For the 3+ years I’ve been in the venture business, my biggest challenges have been building credibility and finding quality deal flow. In many ways they are linked with the better the reputation, the higher quality deals that come across one’s desk. Speaking frankly, I’ve struggled mightily on both accounts and, until recently, relied on bankers and ‘friends’ at other venture firms for a decent portion of my deal flow. Not surprisingly, these channels have proven fairly unfruitful and generally provide deals of the following three varietals:

  1. The Supermodel: The sexy company that is doing really well and engaged a banker looking to gin up a competitive auction process. By definition, this will be a high-priced deal with investor-unfriendly terms, making it very difficult for new investors to generate reasonable returns. This is the super hot girl with little personality that leaves you with the check and not even a kiss on the cheek after dinner.
  2. Plain Jane: The company that is OK in every way. It has a decent product, business model and management team. That said, it doesn’t feel special and it’s hard to envision how it ever delivers extraordinary returns for you as investor. Going back to the dating analogy, it is the perfectly OK girl with whom you just never feel any spark.
  3. The Fixer-upper: The company that has been around for a while and has a tired investor base looking to bring on a new partner to share in the pain. It has latched on the trend-du-jour to explain how this business that has stalled for 2 years is now going to experience hockey-stick like growth.
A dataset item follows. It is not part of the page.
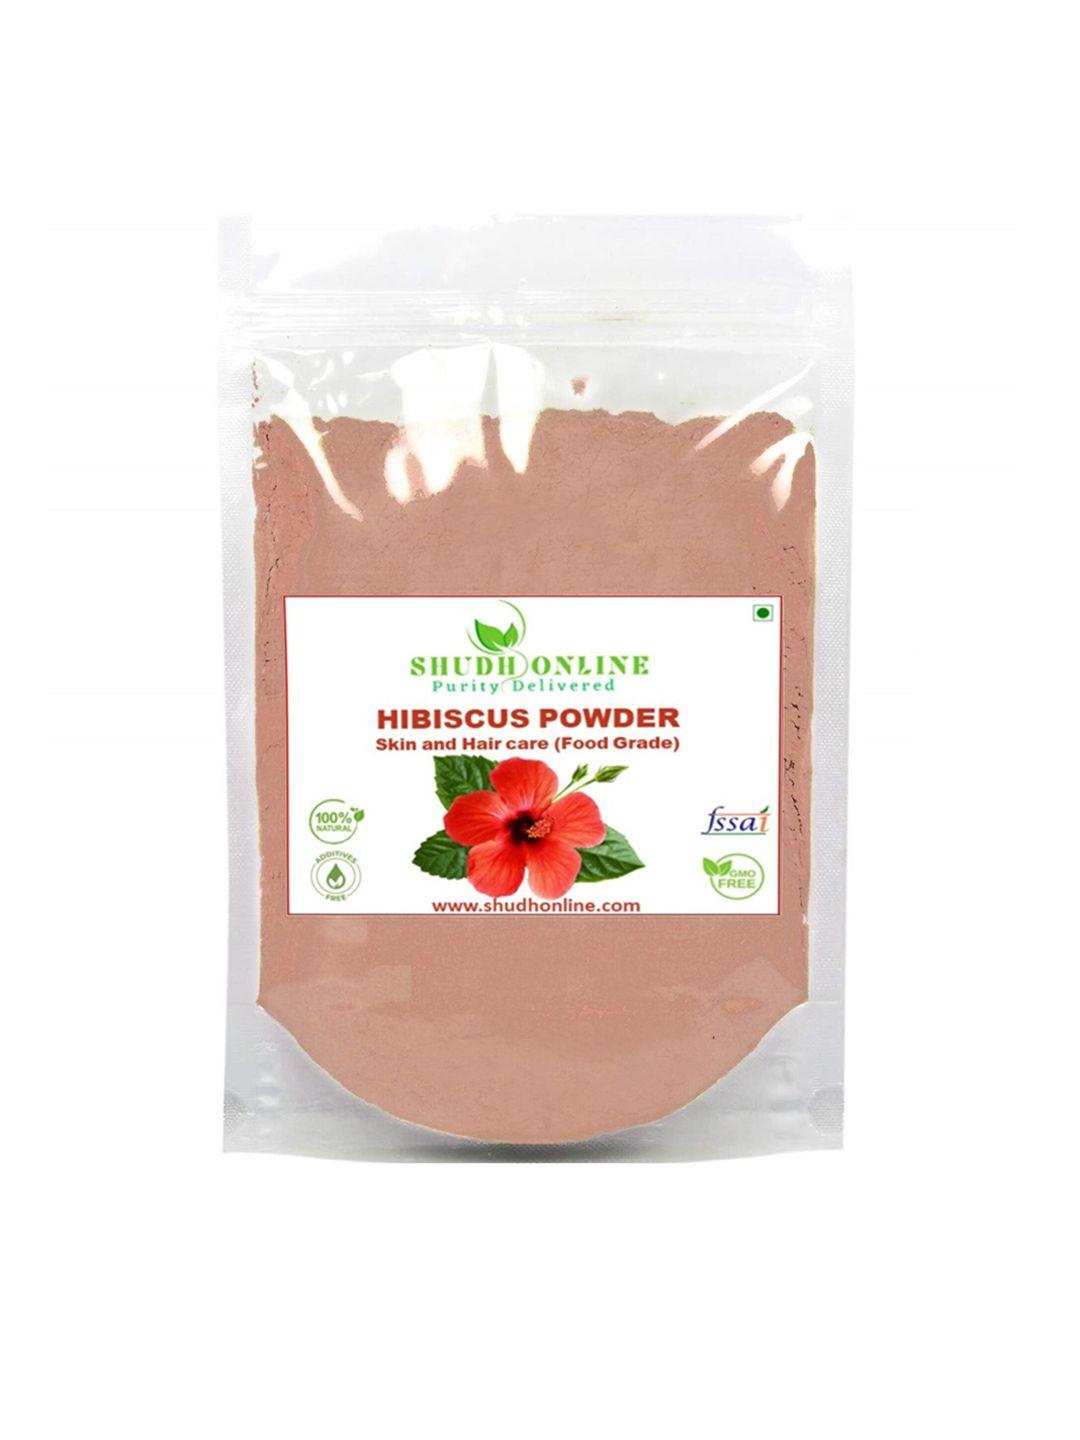 Shudh Online 100% Natural Hibiscus Powder For Skin & Hair Care - 1Kg

This is the girl who you haven’t seen in a while, but you hear from a friend looks good. The only problem is when you get together, she doesn’t look any better despite the new haircut/color and teeth whitening.

Partly because I’ve spent too much time wading through mediocre opportunities, I’ve only led two investments in my time at Hearst; TurnHere and HootSuite. Not surprisingly, these are deals that I found and developed a relationship with the entrepreneur myself so that we both could figure out if there was a match. Whether or not they will prove smart investments only time will tell; however, these experiences have taught me that the only way for a young VC to find truly promising investments is to go seek them out on your own.
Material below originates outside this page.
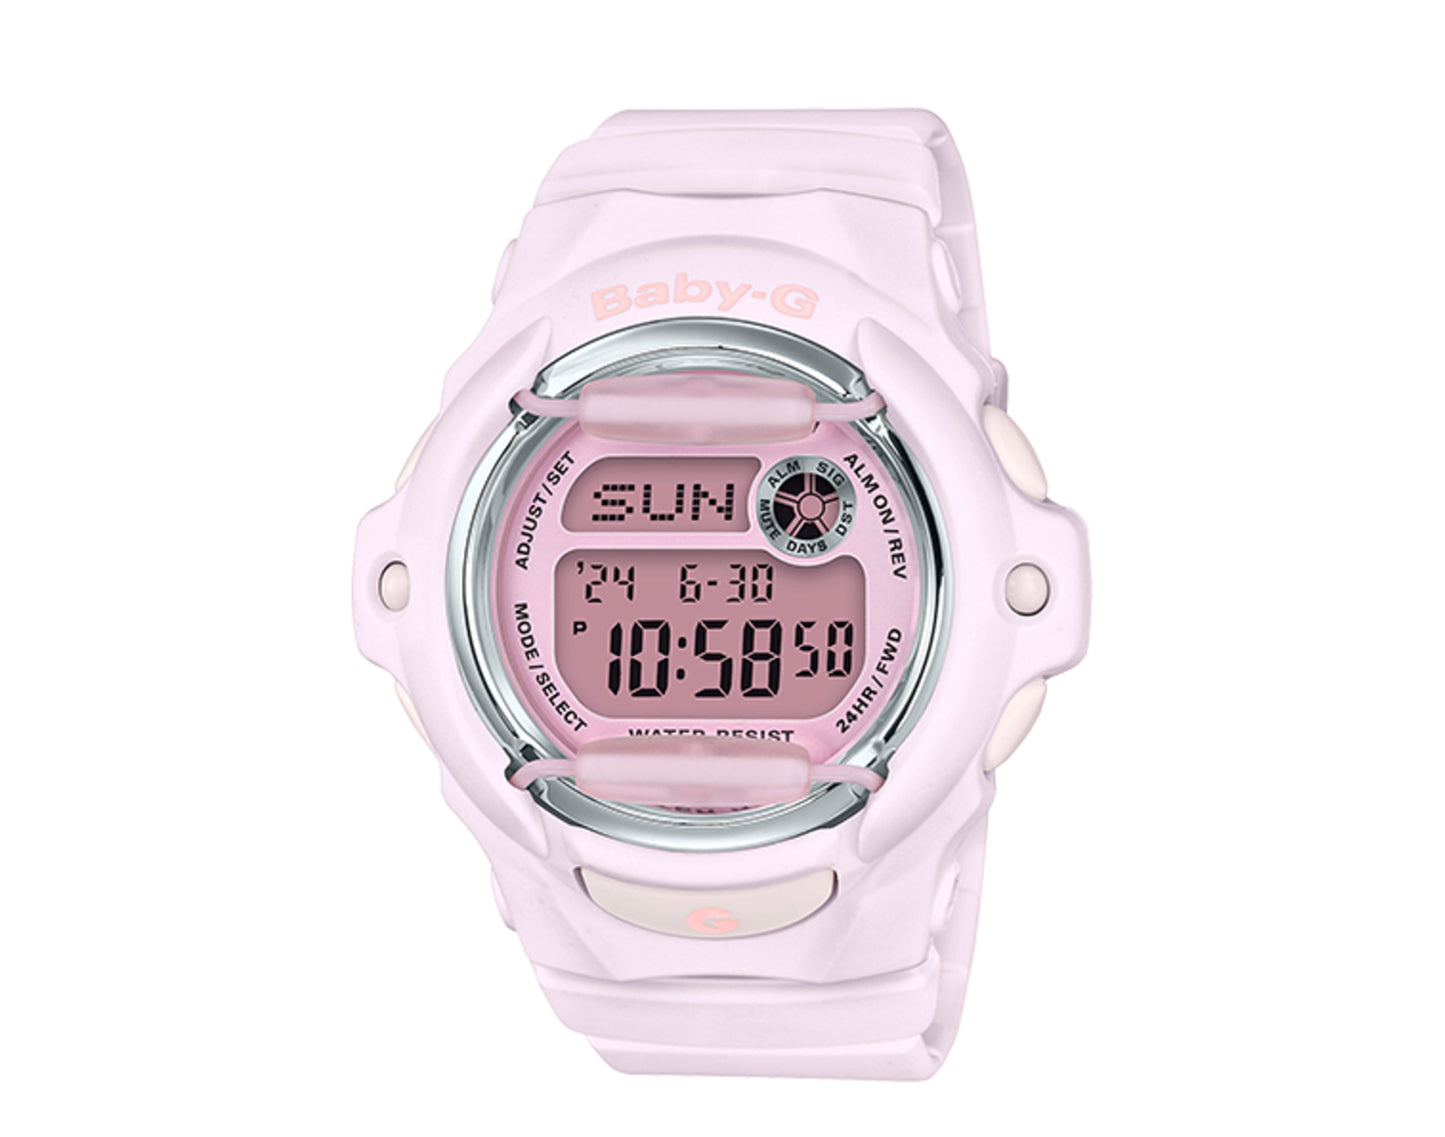 Casio G-Shock Baby-G BG169 Digital Resin Soft Pink Women's Watch BG169M-4

Which brings me to social media. As any one who uses Twitter knows, it is an unbelievable discovery and relationship building tool. With investment discovery and relationships key for any VC, Twitter is a must for anyone starting out in the venture business. Not only can it help you find and engage compelling entrepreneurs, but it also is a mechanism through which to learn about industry events where you can have face to face interaction with these people. Social media is also a tremendous brand-building vehicle. Through growing your follower base and investing in a blog, the more you can let people know about yourself and areas of interest/expertise.

The challenge with putting your thoughts and personality out there is that they may not resonate and ultimately prove detrimental to your career. In my opinion, this isn’t necessarily a bad thing because it helps you discover that VC may not be right for you. I must admit that I am still early in my VC career and struggling with my place in the market. By becoming more public with my thoughts and persona, I hope to learn more quickly if what I have to offer, other than the money, resonates with startups. After all, life is short and if I’m not someone that quality entrepreneurs think will be valuable to his/her business, I’m not cut out for this job and should learn this sooner versus later.